When I was sixteen years old, I took a trip to Leeds where my brother John was attending university and where I was to follow him a couple of years later. That year my brother was sharing a house with (amongst others) our inspirational friend Rob Aslett. Close to their house in Woodhouse was a pub called The Chemic on Johnson Street. This was an exciting time for me. I was away from my parents for perhaps the first time, and was expecting to have myself some mighty fun.
On a Saturday lunchtime, John, Rob and I took a stroll down to The Chemic to partake in some not at all well-earned liquid refreshment. I am not sure whether The Chemic is still like this, but at the time there were two sections to the pub: the lounge and the tap room. Before they all got turned into trendy open-plan bars with carpets, duke boxes which cost £1 for 2 songs and shiny metal rails at the bottom of the bar (what are they for?), quite a lot of pubs had this two-room arrangement. The lounge was normally the more plushly furnished of the two rooms. The tap room was usually a pretty basic affair with a stone or wooden floor, benches around the walls with adjacent tables, a few wooden stools in front of these tables, and two or three high wooden stools next to the bar. The high stools were for those who didn't like to venture too far away from the bar in case they wasted some very valuable supping time.
On this occasion we decided to go into the tap room and as there were three high bar-stools there, we settled ourselves next to the bar and ordered ourselves a pint each. This turned out to be a remarkable experience I would never forget. Sat in the tap room already were three elderly Yorkshiremen. With what seemed like a built-in ability to do geometrical calculation, they had sat themselves as far away from each other as they could possibly get. Each man sat in silence, staring into his pint. It was almost like walking into a cathedral. It felt like we ought to keep our voices to a whisper as a mark of respect.
Then every few minutes one of the men would call over to another.
"How's your Irene?" One would say, not taking his eyes off his pint for a moment.
"She's not so bad, Frank. Not so bad." The other would reply. Then both would nod their heads knowingly and return to the silence again for many minutes.
Some time after we arrived, another old man arrived. While he was at the bar, the other three men automatically shifted their positions in the room so as to make it possible for the newcomer to fit into a new perfect geometrical pattern, so that with four of them now present, each was still as far away from the other three as it was possible to get.
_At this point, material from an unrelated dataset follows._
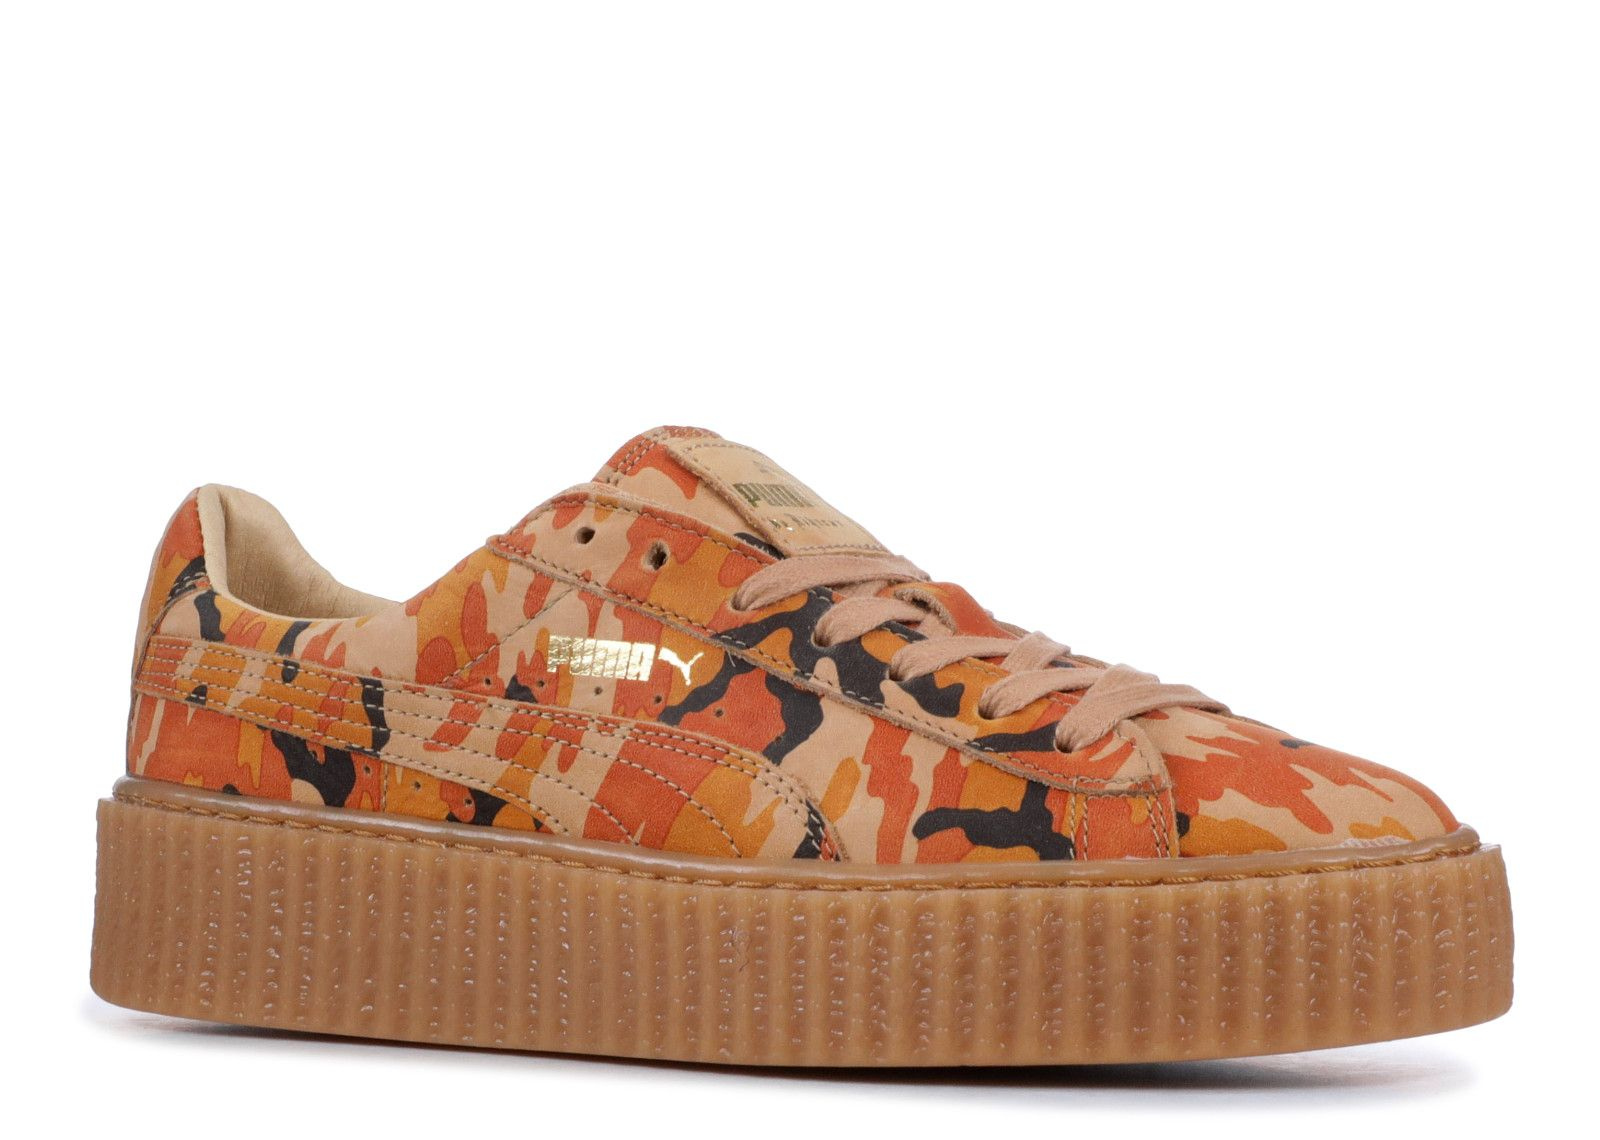 Puma x Rihanna Suede Creepers Camo Orange Orange Oatmeal

"Hey up," said the newcomer as he turned from the bar and went to take his seat.
"George," the others said in unison and then the silence resumed as George took his seat and commenced his ale meditation.
As I look back on this experience I feel a sense of sorrow that most pubs have been refurbished in recent years. One seldom comes across a genuine tap room any more. It really was as if this was a sacred ritual for these men. The one place they could come to find a bit of peace and solitude, to be alone with their thoughts, free from the cares of the world for a couple of hours. None of them seemed hell-bent on getting plastered as seems to be the case with my generation and those that have followed it. You might say there was a deep serenity to what they were doing.
It seems a shame that the spending power of the younger generations means that if they want to find peace and solitude, these men might now have to resort to going to a church, where everyone knows you can't get a decent pint of Tetley's.